А я почему не Властелин Солнца? Потому что я не он. Нет, я что-то путаю… Начнем сначала. Кибер был Властелином Солнца. Но он не был Властелином Солнца. А кто был Властелином? Тот, кто не был? Нет, я опять где-то ошибся. Попробуем еще раз, не торопясь, спокойно, логично…»
А в Огогондии происходила тотальная военизация. Печатая шаг, по площади прошел батальон Союза солнцепоклонников. Они маршировали, громко распевая:
Гениален наш Дино
И непобедим.
Лишь ему
Подчиняется Солнце.
И едва прошли молодые солнцепоклонники, как с другой стороны площади показалась новая колонна. Правда, этот отряд выглядел не так браво, как предыдущий, потому что состоял он из одних стариков. Причем каждый старичок опирался на палочку и шаркал. Но шаркали патриоты-старички, не нарушая строя, и палками взмахивали так ритмично и воинственно, что казалось, шагает взвод престарелых фельдмаршалов.
Иго-го,
И горды славным кормчим своим,
Ого-го, ого-го,
Огогондцы! —
хором шамкали дедушки и прадедушки.
А навстречу им, толкая перед собой коляски, двигалась рота кормящих матерей. Благодаря коляскам их колонна была похожа на моторизованную часть. И когда предки и потомки поравнялись, дедушки разом отсалютовали палками. а внуки, присев в колясках, приложили растопыренные пальцы к чепчикам, отдавая честь.
Иго-го,
И горды славным кормчим своим,
Ого-го, ого-го,
Огогондцы!
А Дино продолжал расхаживать по комнате. Уже наступили сумерки, а он не зажигал света и все шагал, будучи не в силах выпутаться из лабиринта своих логических построений.
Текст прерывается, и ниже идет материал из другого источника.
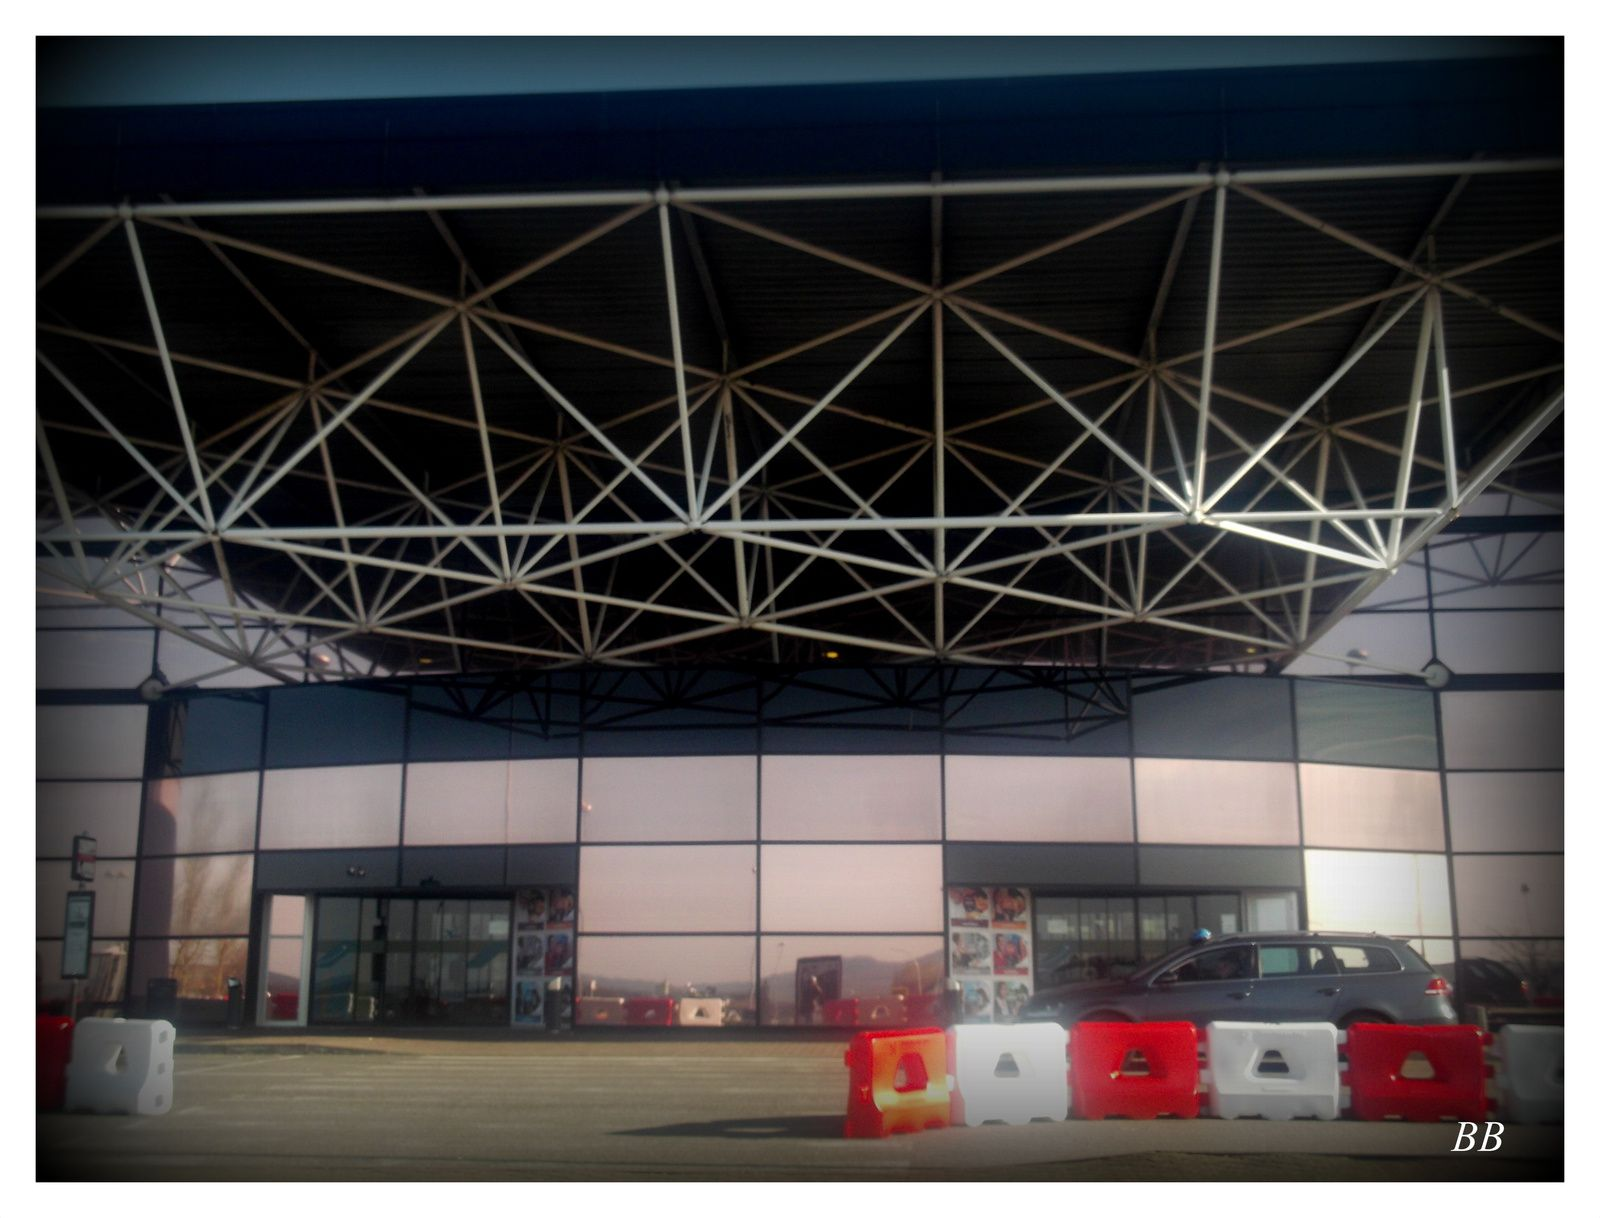 Aéroport de Metz-Nancy-Lorraine
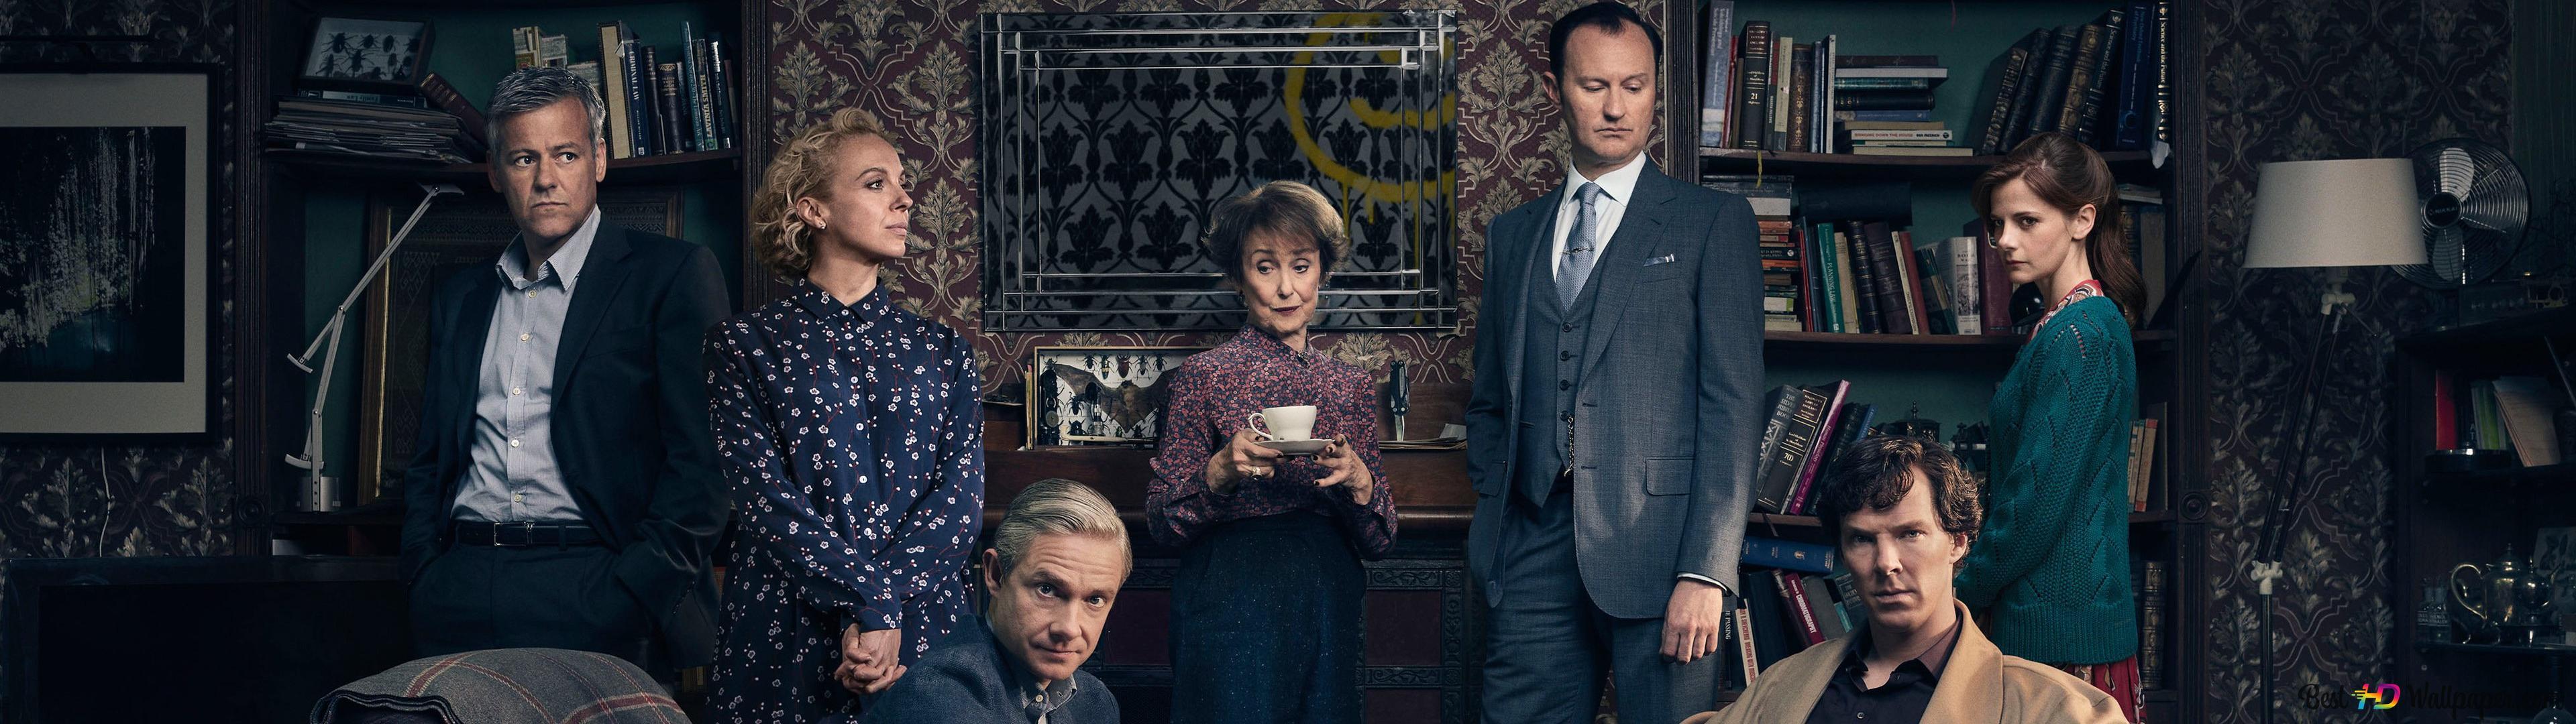 Sherlock Holmes Tv Series HD Wallpaper Download

– Значит, кибер не Властелин, потому что он не я. А я не Властелин, потому что я не кибер. А может, я кибер? Или. может, кибер – я? Или мы оба – мы?
И тут Дино увидел прямо перед собой своего двойника. Размахивая руками, двойник шел прямо на него.
– А-а-а! – испуганно закричал Дино. – Ты опять пришел? Нет, нет!
И, схватив кресло. Попечитель бросился на двойника. Зеркало разлетелось вдребезги, и Дино облегченно вздохнул.
– Ну вот. теперь все ясно: никакого двойника нет. И не было. А всегда был только я. И значит, я Властелин Солнца! Единственный! Настоящий! Полноценный!
И тут в кабинет вбежал военный министр.
– Ваше Равенство! Господин Попечитель! Диктатории прислали вам срочный ультиматум. Они собираются объявить нам войну.
– Нахалы! Да знают ли они, кто я такой? Да я их!..
– Так и они ж нас, Ваше Равенство! – робко заметил военный министр, имевший более точные представления о могуществе Огогондии. – Лучше с этими бандитами не связываться!
– Молчать! Позвать ко мне Главнокомандующего науками!
И приученный к дисциплине Главкомандующий тут же предстал перед Попечителем.
– Ответь мне, ученый, – сказал Дино, – известно ли современной науке, что у Солнца есть Властелин?
– Это аксиома. Ваше Равенство.
– А ты сам веришь, что Солнце подчиняется лично мне?
– Как бог свят, – отвечал ученый, глядя прямо в глаза Попечителю.
– Хорошо, ступай! – промолвил рассеянно Попечитель. и Главнокомандующий науками ловко проделал кругом шагом марш и четким военным шагом вышел из кабинета.
– Трубить сбор! – приказал Властелин Солнца.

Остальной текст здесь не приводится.